1
votes

I would like to estimate the length of individuals based on their age and sex, using OLS in R. To that purpose I built the following model: m1 <- lm(length ~ age + sex, data = data.frame).
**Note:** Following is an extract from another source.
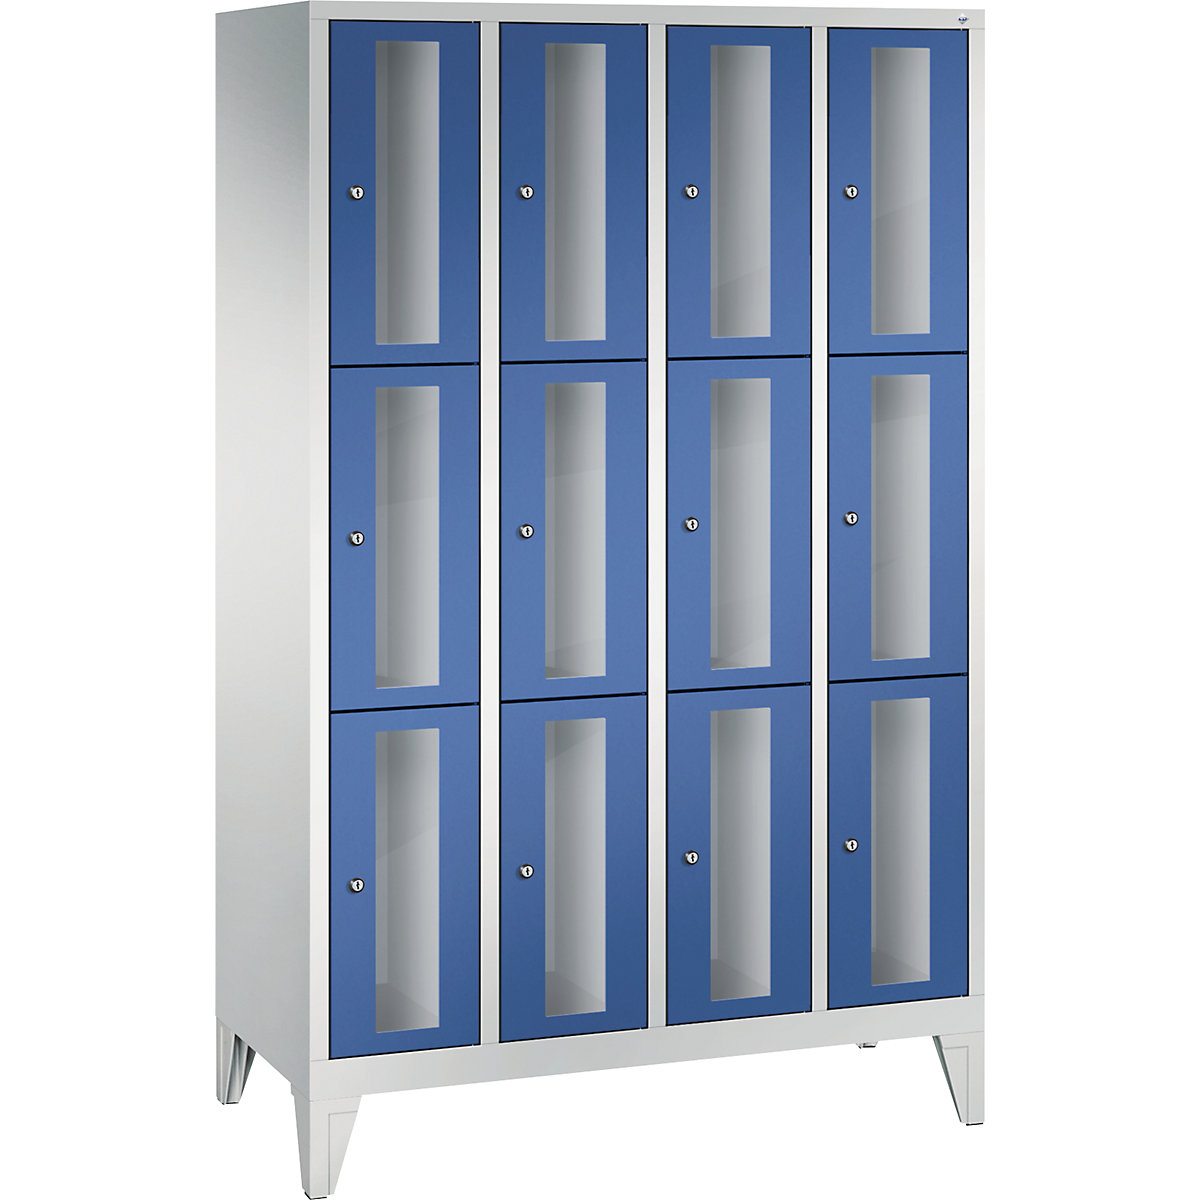 CLASSIC locker unit, compartment height 510 mm, with feet – C+P, 12 compartments, width 1190 mm, gentian blue door-4

Next, I created some simple residual plots by running:

op <- par(mfrow = c(2,2))
plot(resid(m1) ~ fitted(m1))
plot(resid(m1) ~ data.frame$age)
plot(resid(m1) ~ data.frame$sex)
qqnorm(resid(m1)); qqline(resid(m1))
par(op)

yielding this plot: enter image description here Strange enough, the fitted values do not seem to have the range [165,180], but rather [165,170] ∪ [175,180] (top left plot). I do not understand why this is happening.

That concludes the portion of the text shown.